I agree with you, Angie. Dave is inspiring. I especially like his calm, cool demeanor and positive attitude. I should mention that the seminar was taped by Younglove Broadcast Services to be released as a training video. So those who missed it should still be able to see Angie run her dogs. 

Jeff


----------



## sueley (Dec 23, 2003)

I hope Lorraines Chessie does not end up on the cutting room floor. We brown dog owners deserve some recognition.
Any idea when the video will be available?
Does Dave have an email address?


----------



## Angie B (Sep 30, 2003)

sueley said:


> I hope Lorraines Chessie does not end up on the cutting room floor. We brown dog owners deserve some recognition.
> Any idea when the video will be available?
> Does Dave have an email address?


Lorraine will be in it before I am, I'm sure. She did a real nice job.

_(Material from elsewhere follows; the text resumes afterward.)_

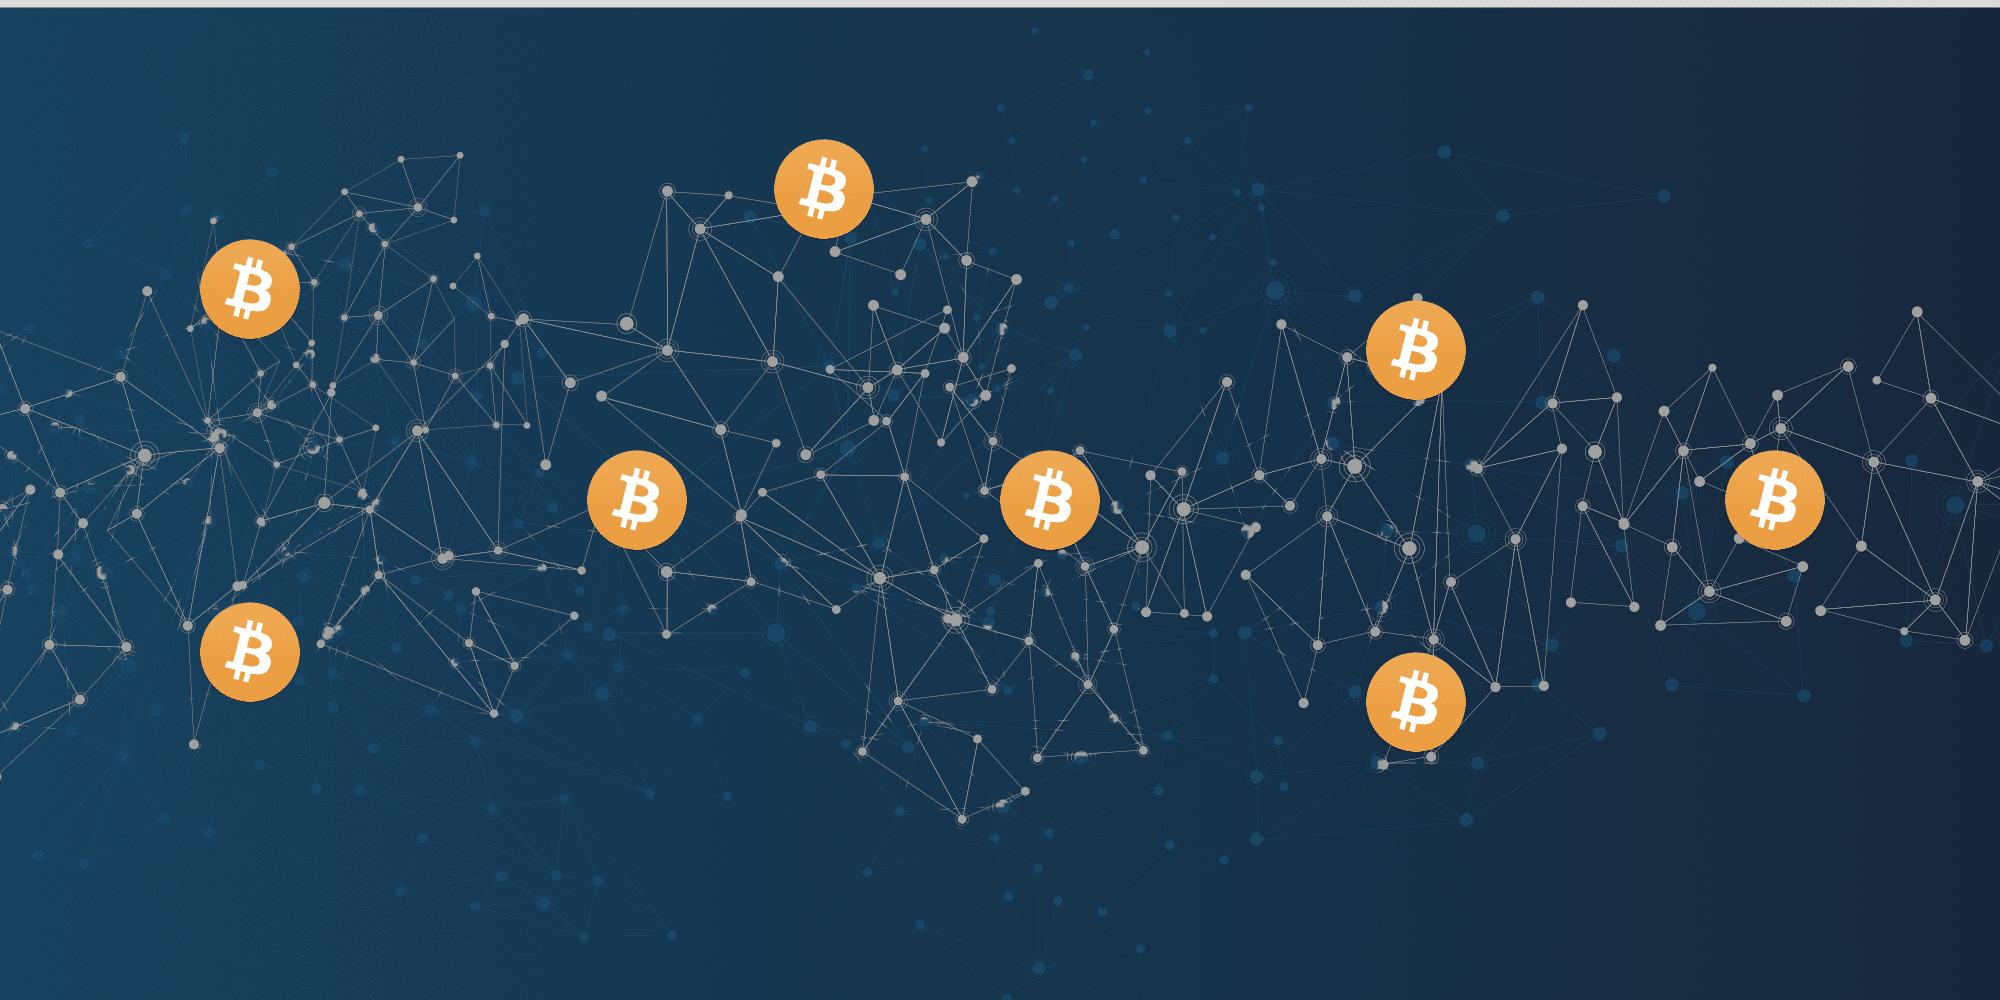 bitcoin full nodes - آلمان در نود های بیت کوین از آمریکا پیشی گرفت

Dave's e-mail address is [email protected]

It was good seeing you Sue.

You took some pictures. Could you post them here?????


----------



## sueley (Dec 23, 2003)

Unfortunately, I did not take pics. However I noticed Vicki L. taking several.
Perhaps she'll put some up.
The tests were awe inspiring.


----------



## Brad B (Apr 29, 2004)

Angie, 
I'd like to attend Dave's seminar if you can get him to come down for Waterloo. It's a litte easier to driver over there !!!!!


----------



## Angie B (Sep 30, 2003)

Brad B said:


> Angie,
> I'd like to attend Dave's seminar if you can get him to come down for Waterloo. It's a litte easier to driver over there !!!!!


Ya Think????

he'll be in Columbus for winter trip so he will be nice and close.

Angie


----------



## Vickie Lamb (Jan 6, 2003)

sueley said:


> Unfortunately, I did not take pics. However I noticed Vicki L. taking several.
> Perhaps she'll put some up.


    How? 

I took both 35 mm and digital photos...


----------



## Angie B (Sep 30, 2003)

Vickie Lamb said:


> sueley said:
> 
> 
> > Unfortunately, I did not take pics. However I noticed Vicki L. taking several.
> ...


There is another thread just recently posted about posting pictures....

Take a look.

Angie


----------



## Vickie Lamb (Jan 6, 2003)

sueley said:


> Any idea when the video will be available?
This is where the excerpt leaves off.